Assioma is a great power option, I've been using the one-sided power pedal for years.

The OP says they are using SPD-SL, so they will need the Assioma DUO-Shi kit that mounts to their existing pedals. It's a two-sided kit.
Designed for the compatibility with Shimano® road
The Favero Assioma DUO-Shi power meter has been designed for Shimano® road users, as it offers the opportunity to keep on riding with your current Shimano® pedal bodies* without giving up on the trustability and precision of Assioma.
*Assioma DUO-Shi is compatible with the following Shimano® SPD-SL® pedal bodies: PD-R8000, PD-R7000, PD-6800, PD-R550 and PD-R540.
__________________
Ride, Rest, Repeat

Zwift: Terry Morse [OldAF]
ROUVY: terrymorse





terrymorse is offline  
Old 12-10-23, 11:24 AM
  #6  
LR÷P=HR
 
Join Date: Sep 2019
Location: SF Bay Area
Posts: 2,084

Bikes: Holdsworth 1979 Special, C-dale 1993 MT3000 Tandem & 1996 F700CAD3, Cervelo 2022 R5 & 2018 R3, JustGo Runt, Ridley Oval, Kickr Bike 8-)

Mentioned: 1 Post(s)
Tagged: 0 Thread(s)
Quoted: 828 Post(s)
Liked 1,113 Times in 644 Posts
I’ve both crank and pedal PM’s.
Stages dual (crank) was my first, Garmin Rally dual was my second purchase.

Both are easy to install.
Both are easy to use.

Stages uses cheap & locally available 2032 batteries.
Garmin batteries are tougher to find locally and are more expensive.

Garmin can provide additional data with their cycling dynamics.
Garmin will permit a change in crank length or even a quick bicycle change if you wish.

I suspect the life of the Garmin will prove to be shorter & their rebuild kit is not cheap.


In Summary, I will be sticking with pedal based PM’s in the future due to the flexibility.

Barry

Last edited by Barry2; 12-10-23 at 02:38 PM.
Barry2 is offline  
Old 12-10-23, 11:59 AM
  #7  
Newbie
 
Join Date: Dec 2023
Location: NY
Posts: 2

Bikes: 3

Mentioned: 0 Post(s)
Tagged: 0 Thread(s)
Quoted: 1 Post(s)
Likes: 0
Liked 1 Time in 1 Post
Choosing between a crank-based power meter and a pedal-based power meter depends on your specific needs, preferences, and the type of cycling you do. Both types have their advantages and considerations:

### Crank-Based Power Meter:

**Pros:**

1. **Accuracy:** Crank-based power meters are known for their accuracy. They measure power directly at the point where force is applied to the pedals.

2. **Transferability:** If you have multiple bikes, you only need to swap out the crankset to move the power meter between them.

3. **Durability:** Crank-based power meters are often sturdy and durable, capable of handling different conditions and riding styles.

**Cons:**

1. **Installation:** Installation might require more effort than a pedal-based power meter. You might need special tools or professional assistance.
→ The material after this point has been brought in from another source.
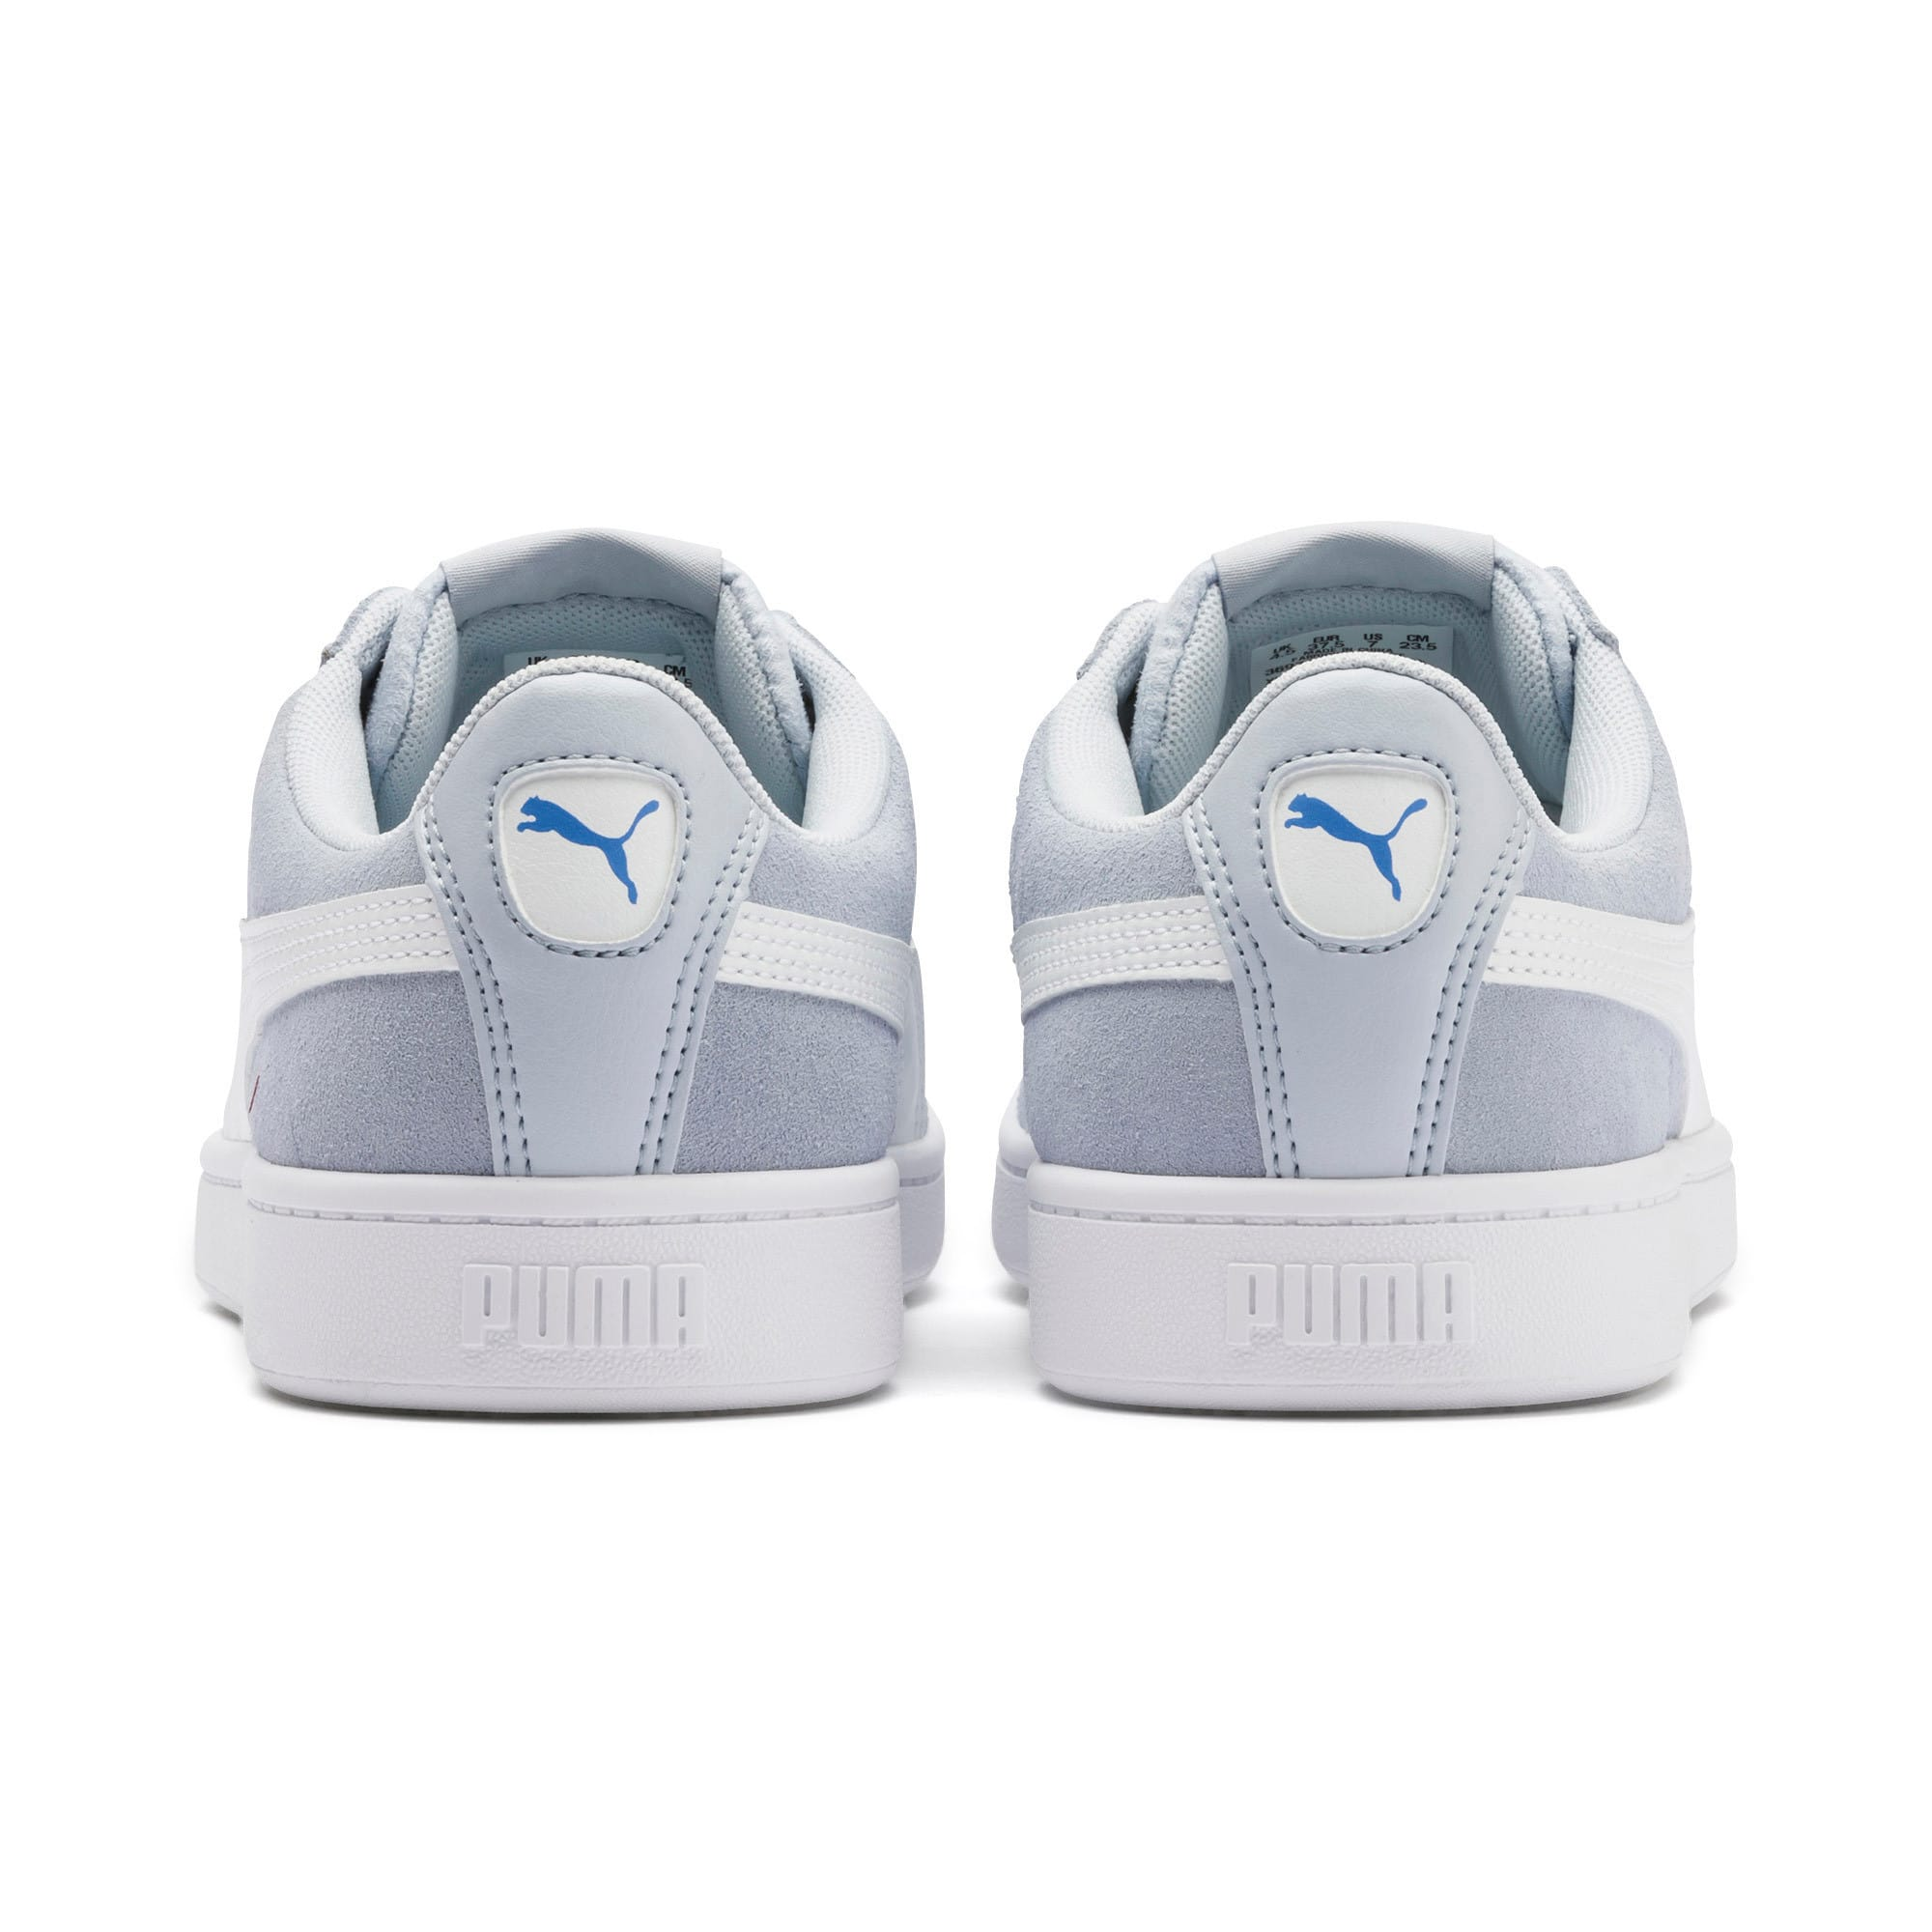 Thumbnail 4 of PUMA Vikky v2 Women's Sneakers, Heather-Ultramarine-White, medium

2. **Compatibility:** Crank-based power meters may not be compatible with all types of cranks or bottom brackets.

### Pedal-Based Power Meter:

**Pros:**

1. **Ease of Installation:** Pedal-based power meters are generally easier to install compared to crank-based options. They can be easily swapped between bikes.
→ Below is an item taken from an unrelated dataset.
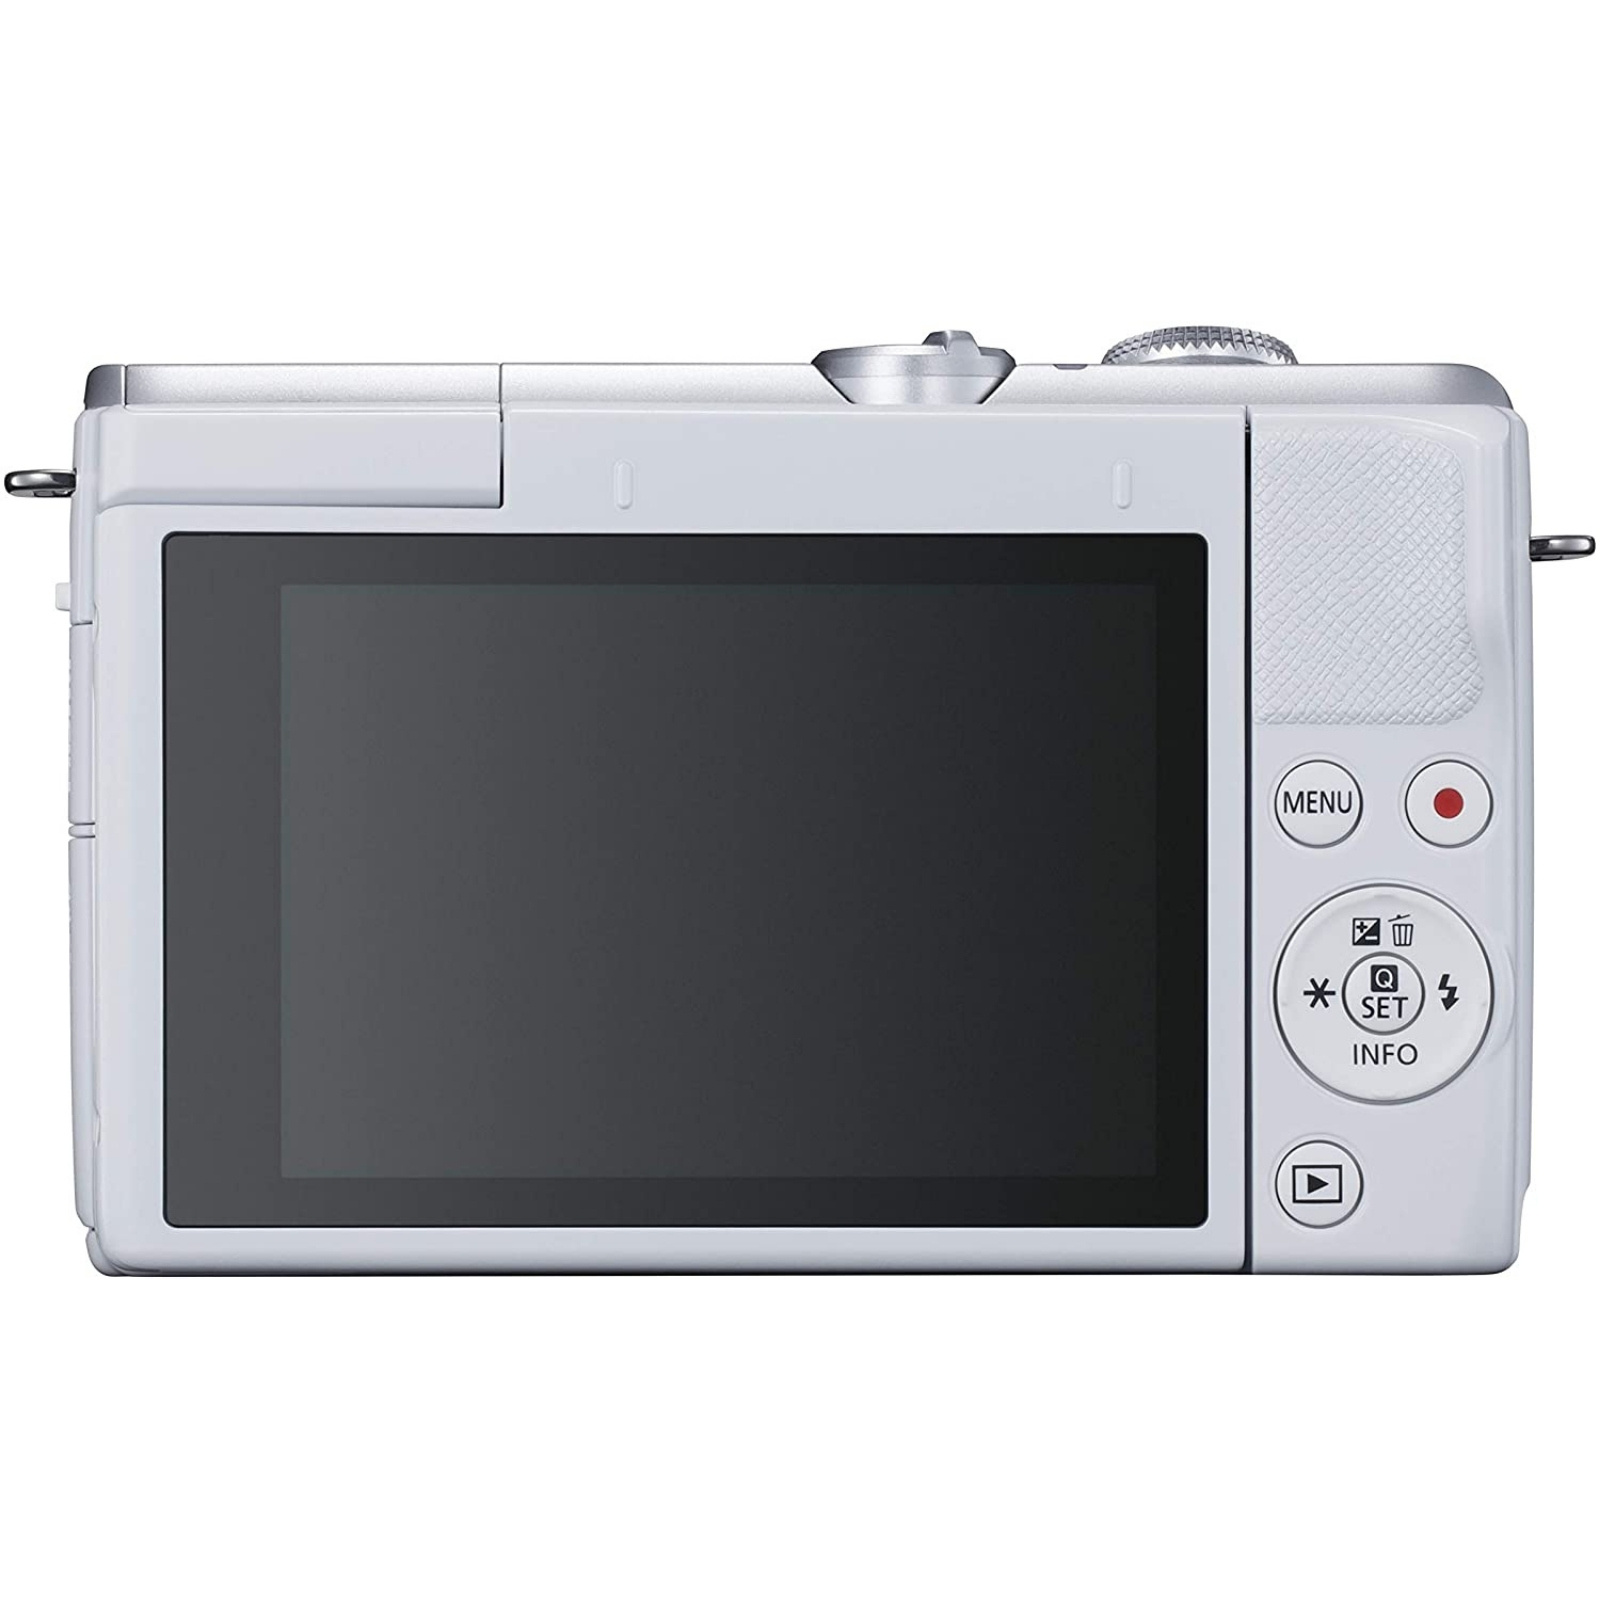 Canon キヤノン ミラーレス一眼カメラ EOS M200 ボディ ホワイト 新品

2. **Compatibility:** Pedal-based power meters are often compatible with a wide range of cranksets and frames.

3. **Upgradability:** If you upgrade your bike, you can easily transfer the pedal-based power meter.

**Cons:**

1. **Weight:** Pedal-based power meters may add more weight to your bike compared to crank-based options.

2. **Durability:** Depending on the brand and model, some pedal-based power meters may be more susceptible to damage from crashes or rough handling.

3. **Cost:** Some pedal-based power meters can be more expensive than crank-based options.

### Considerations:

1. **Budget:** Determine your budget, as this can significantly influence your options.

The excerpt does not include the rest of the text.